There's a quote I read that said 'Have you ever asked God to change someone else, only to have him say "Well, you're here now. Why don't we start with you." There are a lot of things in life that we put on other people, when really it lays within ourselves. We don't have control over how anyone else acts or behaves. We only have control over ourselves. When you forgive someone, it's not really for them. It's so that you aren't eaten up and destroyed by harbouring those negative feelings. When you bless others, God blesses us in return.

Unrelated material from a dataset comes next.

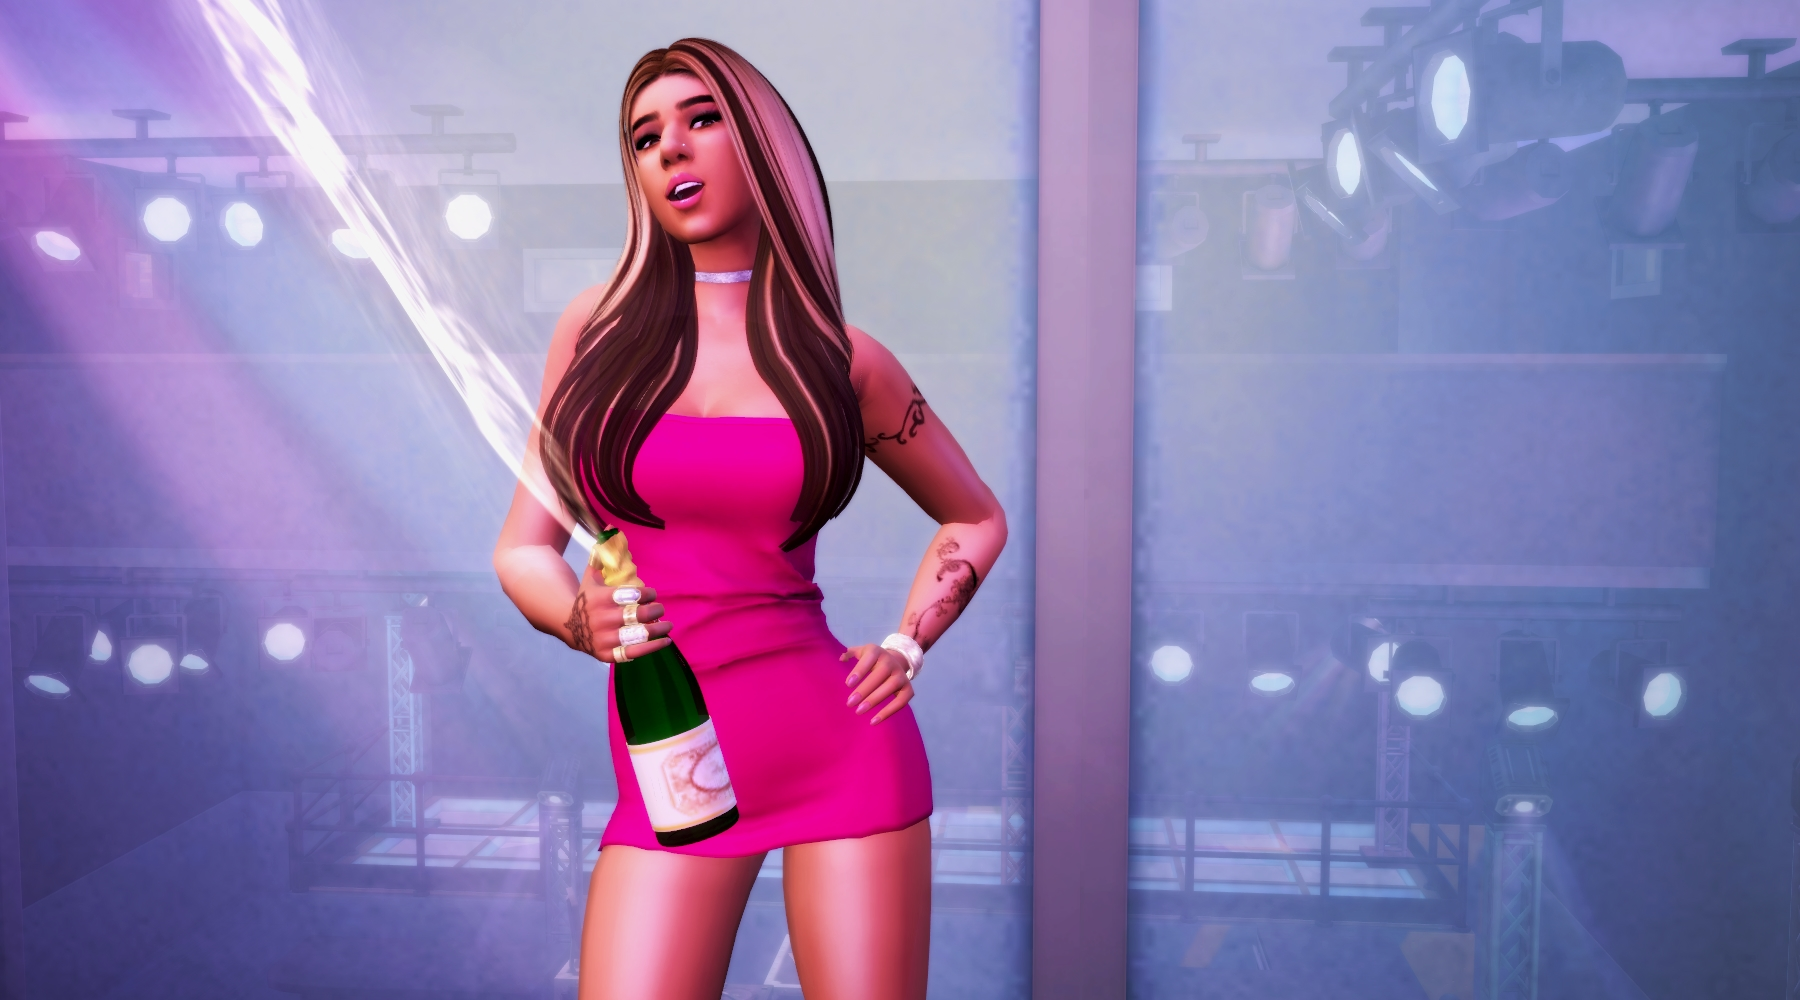 Share Your Female Sims Page 117 The Sims 4 General

"But I tell you, love your enemies and pray for those who persecute you, that you may be children of your Father in heaven. He causes his sun to rise on the evil and the good, and sends rain on the righteous and the unrighteous. If you love those who love you, what reward will you get? Are not even the tax collectors doing that? And if you greet only your own people, what are you doing more than others? Do not even pagans do that? Be perfect, therefore, as your heavenly Father is perfect."

Matthew 5: 44-48

But to you who are listening I say: Love your enemies, do good to those who hate you, bless those who curse you, pray for those who mistreat you.

Luke 6:27-28

It's one of the hardest things in life, to love the people who you don't even like! But God loved us first, even when we were unworthy.

But God demonstrates his own love for us in this: While we were still sinners, Christ died for us. Romans 5:8

And it's not all off our own backs - the love we have for others comes from God. Ask him every day to help you see other's through his eyes! It's a daily challenge, I know!! But he'll help you.